Même pour les heures de la nuit et du jour
c’est approximatif « Car chez moi il
ne fait pas nuit, je le sais, ici il ne fait jamais nuit, quoi que j’aie pu
dire, mais il fait souvent moins clair qu’en ce moment, tandis que là dehors
c’est la pleine nuit, avec peu d’étoiles, mais suffisamment pour indiquer que
ce ciel noir est bien celui des hommes et non pas tout simplement peint sur la
vitre, car ça tremble, à la façon des vraies étoiles, ce qui ne serait pas le
cas si c’était peint ».
Le sexe me direz-vous ? Il y en a,
succulemment dépeint, quoique peu orgasmique : « On voyait alors Macmann qui s’acharnait à faire rentrer son sexe dans
celui de sa partenaire à la manière d’un oreiller dans une taie, en le pliant
en deux et en l’y fourrant avec ses doigts. Mais loin de se décourager, se
piquant au jeu, ils finirent bien, quoique d’une parfaite impuissance l’un et
l’autre, par faire jaillir de leurs sèches et débiles étreintes une sorte de
sombre volupté, en faisant appel à toutes les ressources de la peau, des
muqueuses et de l’imagination ».
« Malone meurt » est donc la
suite de « Molloy », tous deux parus en 1951 aux éditions de Minuit.
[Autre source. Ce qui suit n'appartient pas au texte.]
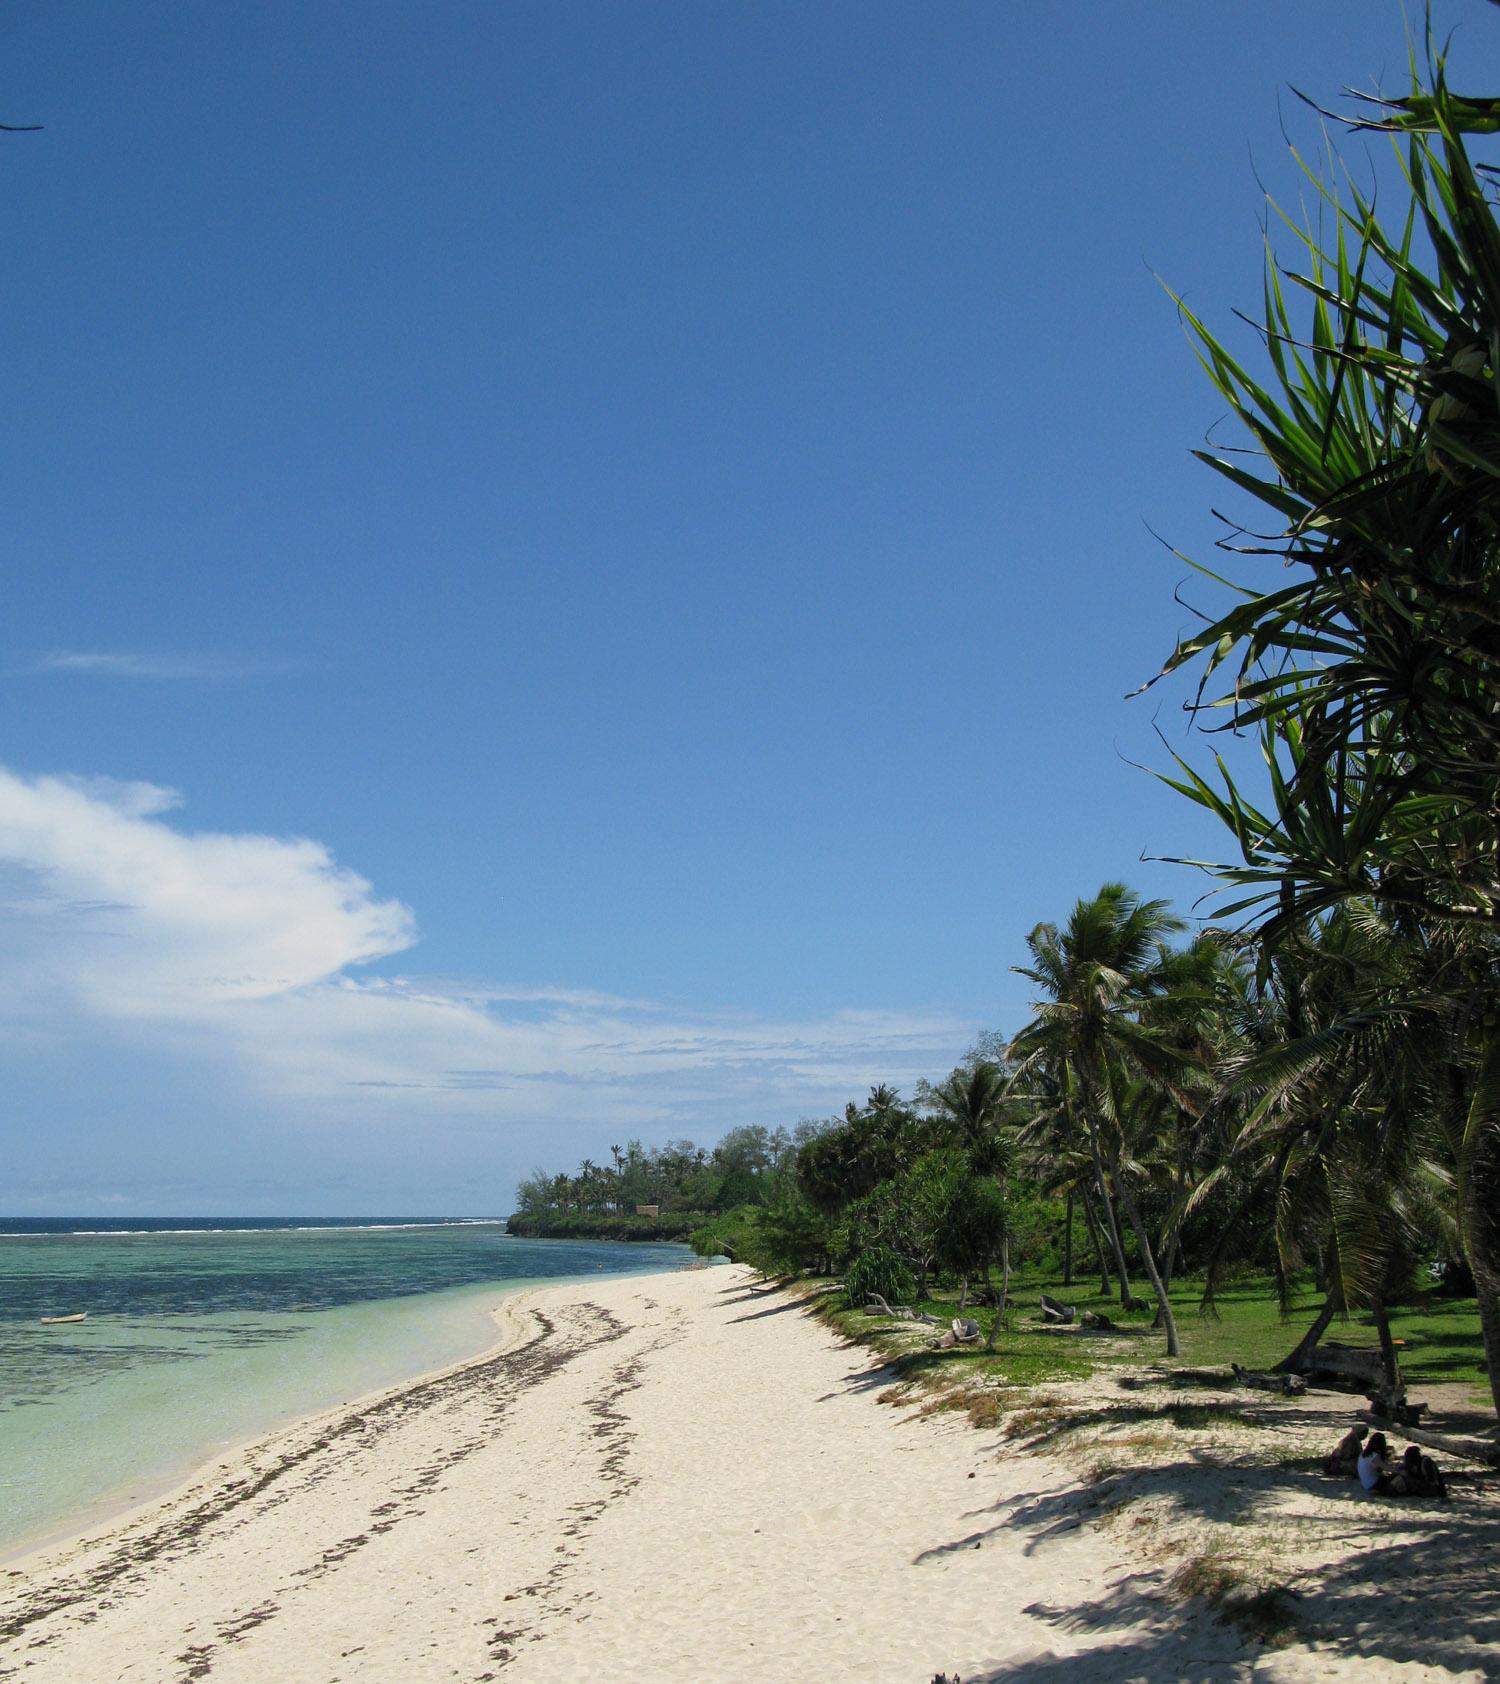 Sand Island Beach, low tide

Un dernier volet viendra clore la trilogie en 1953 ; « L’innommable ».
Nous en reparlerons. Chaque chose en son temps. « Malone meurt » est d’ailleurs
une suite de « Molloy » sans en être vraiment une : les
personnages sont différents (quoique, peut-être uniquement les noms ont été
changés, qui sait ?) mais souffrent, de plus en plus. Dans « Malone
meurt » ils continuent de souffrir de la souffrance dans laquelle nous les
avions quittés à la fin de « Molloy ». Avec BECKETT, on ne sait
jamais vraiment ce qu’on lit, c’est décontenançant, ça peut même devenir irritant
tant on a le sentiment de se sentir encore plus ignorant qu’à l’habitude. Le
deuxième roman est peut-être moins drôle que le premier, la douleur en étant
plus vive. Mais il est bien sûr tout aussi absurde. L’ambiance kafkaïenne est
peut-être moins vive dans ce « Malone meurt » que dans d’autres
textes de BECKETT. Quoi qu’il en soit, si vous désirez vous confronter à votre
tolérance à la folie en période de lecture, tentez votre chance, puisque de
plus l’écriture est absolument superbe et exigeante jusqu’à la dernière ligne.
En attendant celle-ci (la dernière ligne si vous avez bien suivi), vous vous
poserez des questions, souffrirez peut-être de maux de tête, du dos (crispation
oblige). Je ne peux que vous souhaiter un bon voyage, mais faites attention aux
remous, ils pourraient bien vous faire passer par-dessus bord.